Use hyperparameters for automatic tuning

Brief introduction

Hyperparameter auto-tuning is a feature of Xiaomi Cloud-ML, whereby multiple sets of hyperparameter combinations are defined at a time. After submission, training is performed concurrently and returns the optimal hyperparameter combination.

Code specifications

Users can customize the "best result" index. In the code of the TensorFlow model, the index must be written training/hptuning/metric, as follows.

tf.summary.scalar("training/hptuning/metric", loss)

Usage example

When submitting, we can use the example code in Samples to write the hyperparameters in the job.json file.

{
  "job_name": "hpat",
  "module_name": "trainer.task",
  "trainer_uri": "fds://cloud-ml/linear/trainer-1.0.tar.gz",
  "job_args": "--max_epochs 1000",
  "cpu_limit": "0.25",
  "memory_limit": "250M",
  "hyperparameters": {
    "goal": "MINIMIZE",
    "output_path": "fds://cloud-ml/linear/linear_hpat",
    "params": [
      {"optimizer": "ftrl", "learning_rate": 0.1},
      {"optimizer": "ftrl", "learning_rate": 0.5},
      {"optimizer": "sgd", "learning_rate": 0.1},
      {"optimizer": "sgd", "learning_rate": 0.5}
    ]
  }
}

Then use the cloudml command-line tool to submit. Since we need to define a combination of hyperparameters, the JSON file must be imported as a parameter.

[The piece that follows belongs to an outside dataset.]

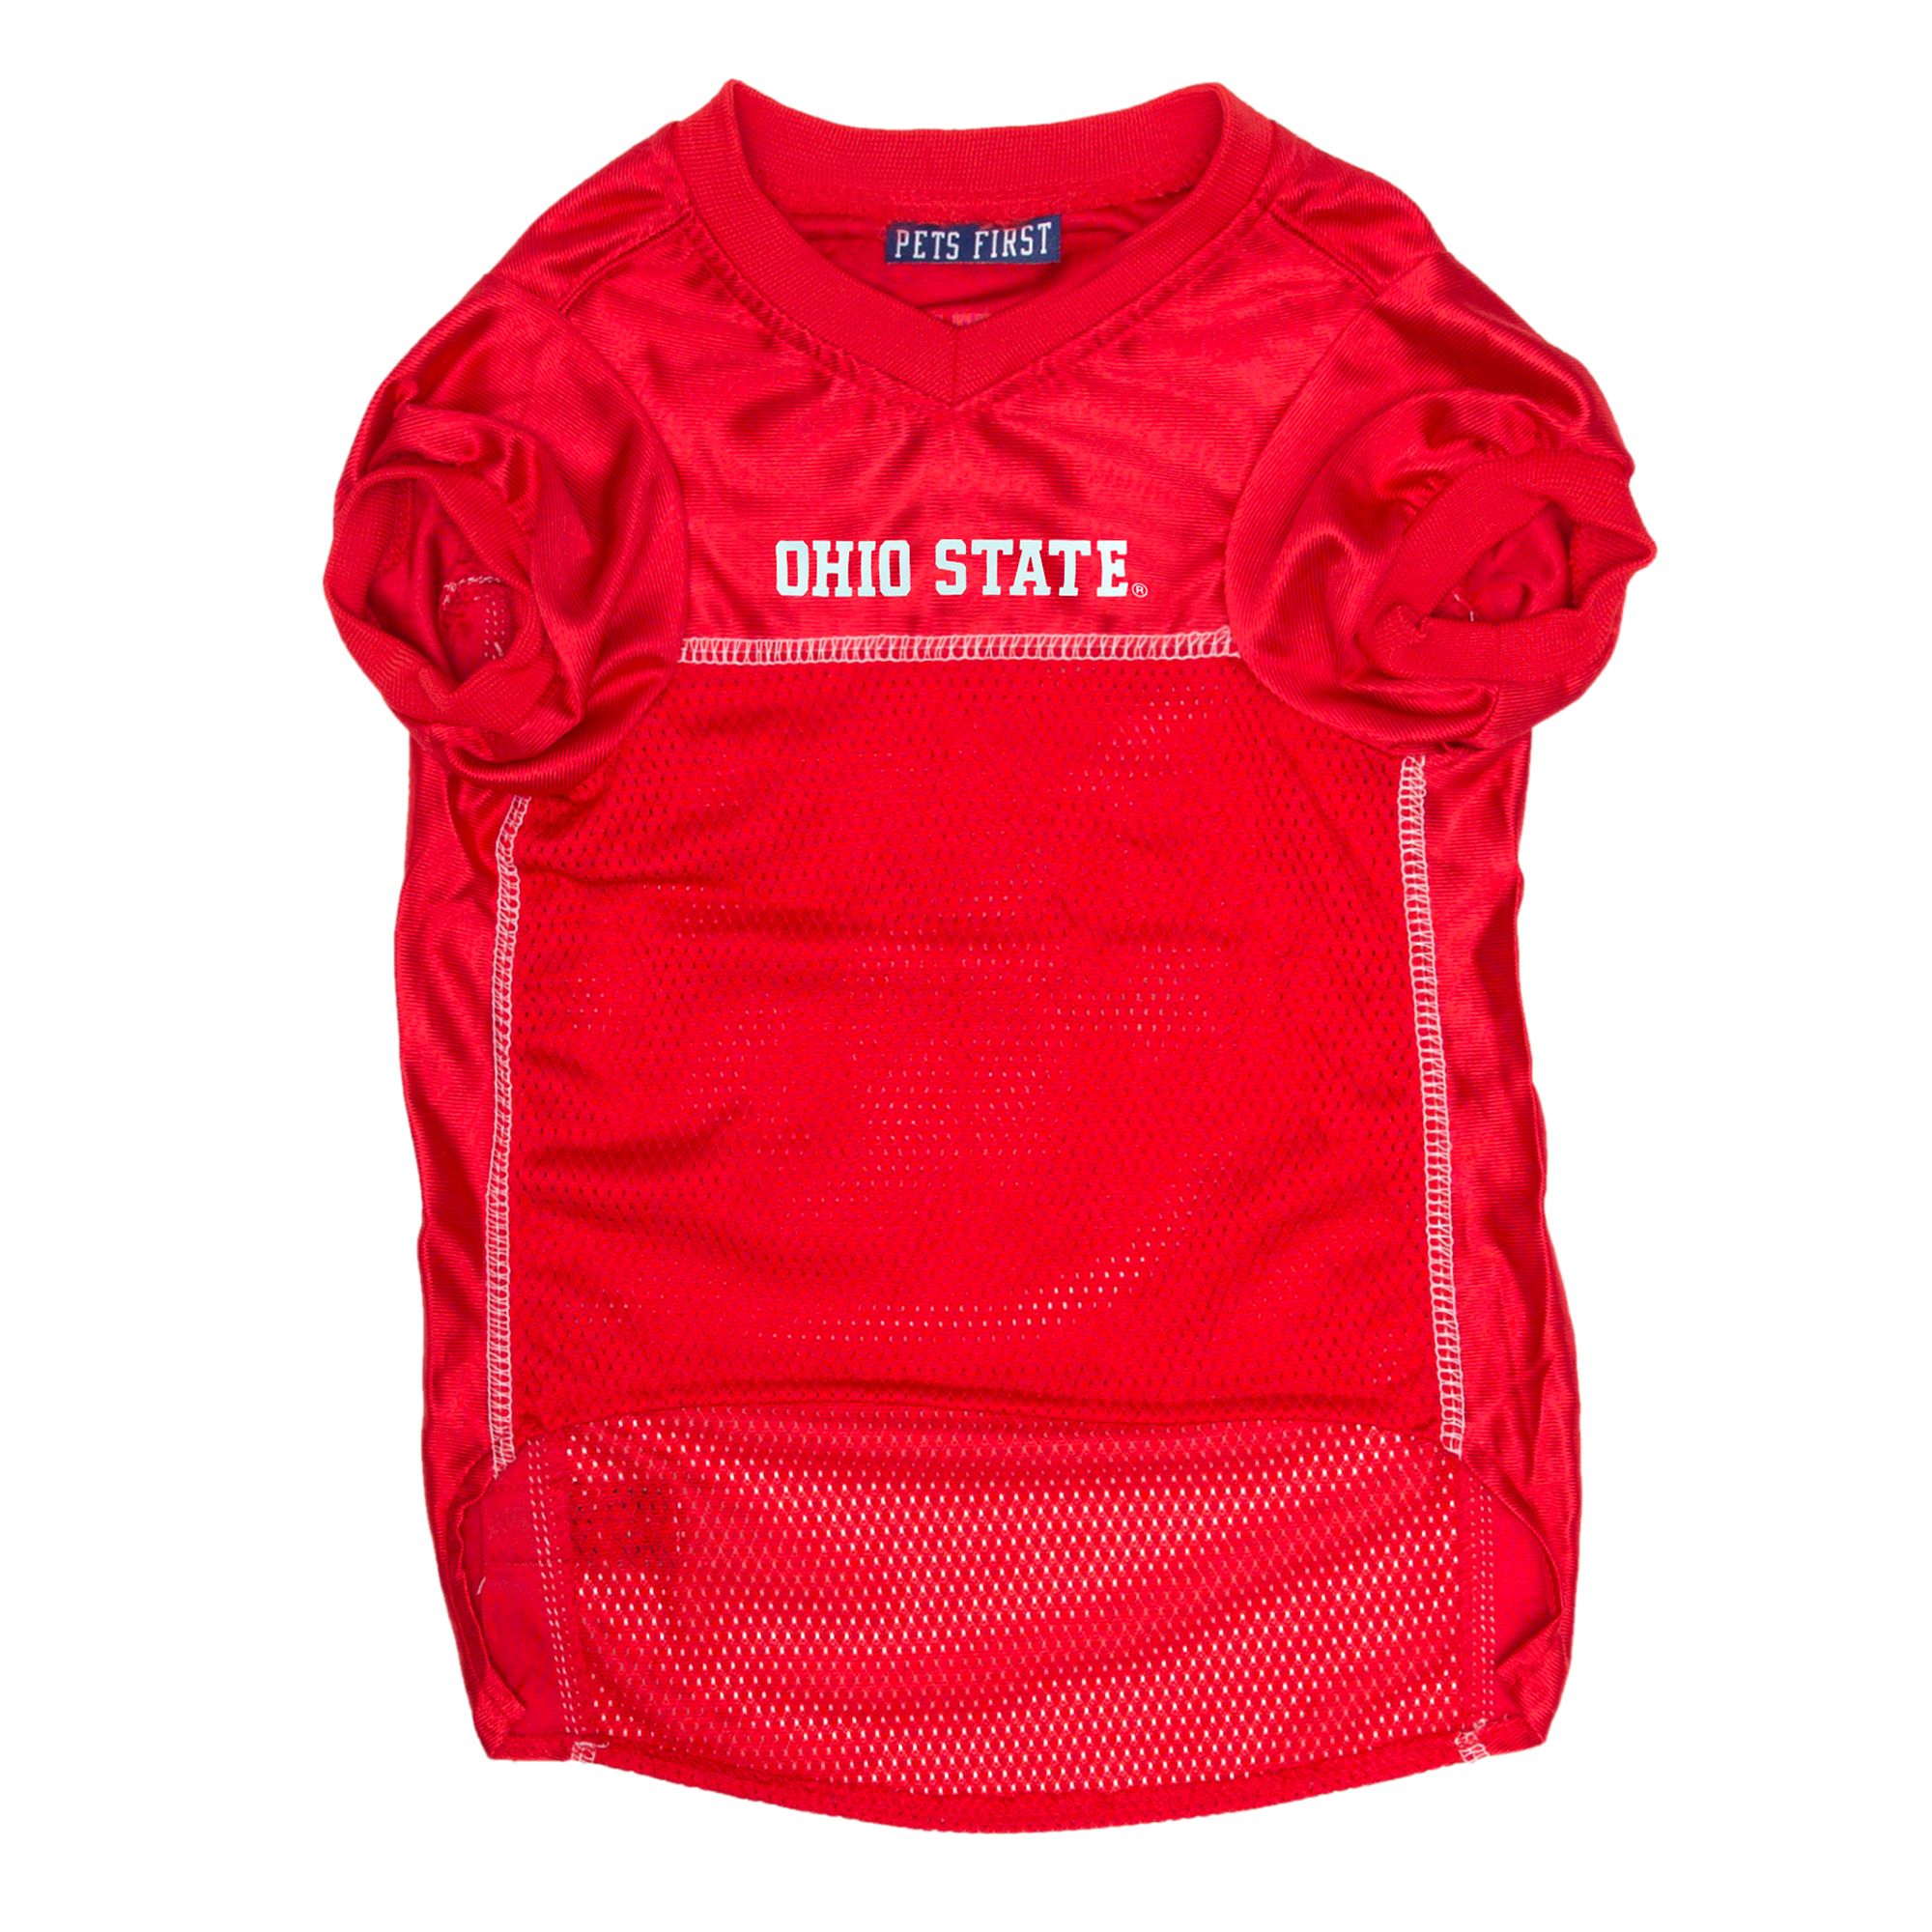 NEW all sizes Ohio State Buckeyes NCAA dog jerseys

cloudml jobs submit -f job.json

Once the training is over, we can use the command line to view the results of any one task. The system can automatically select the hyperparameter combination that will yield the best result and return it to the user.

cloudml jobs list

cloudml jobs logs hpat-hp-0

cloudml jobs hp hpat-hp-0

Parameters introduction

  • -F is an optional parameter. Users can use the JSON file to describe the parameters of the submitted task. Note that it cannot be combined with other parameters.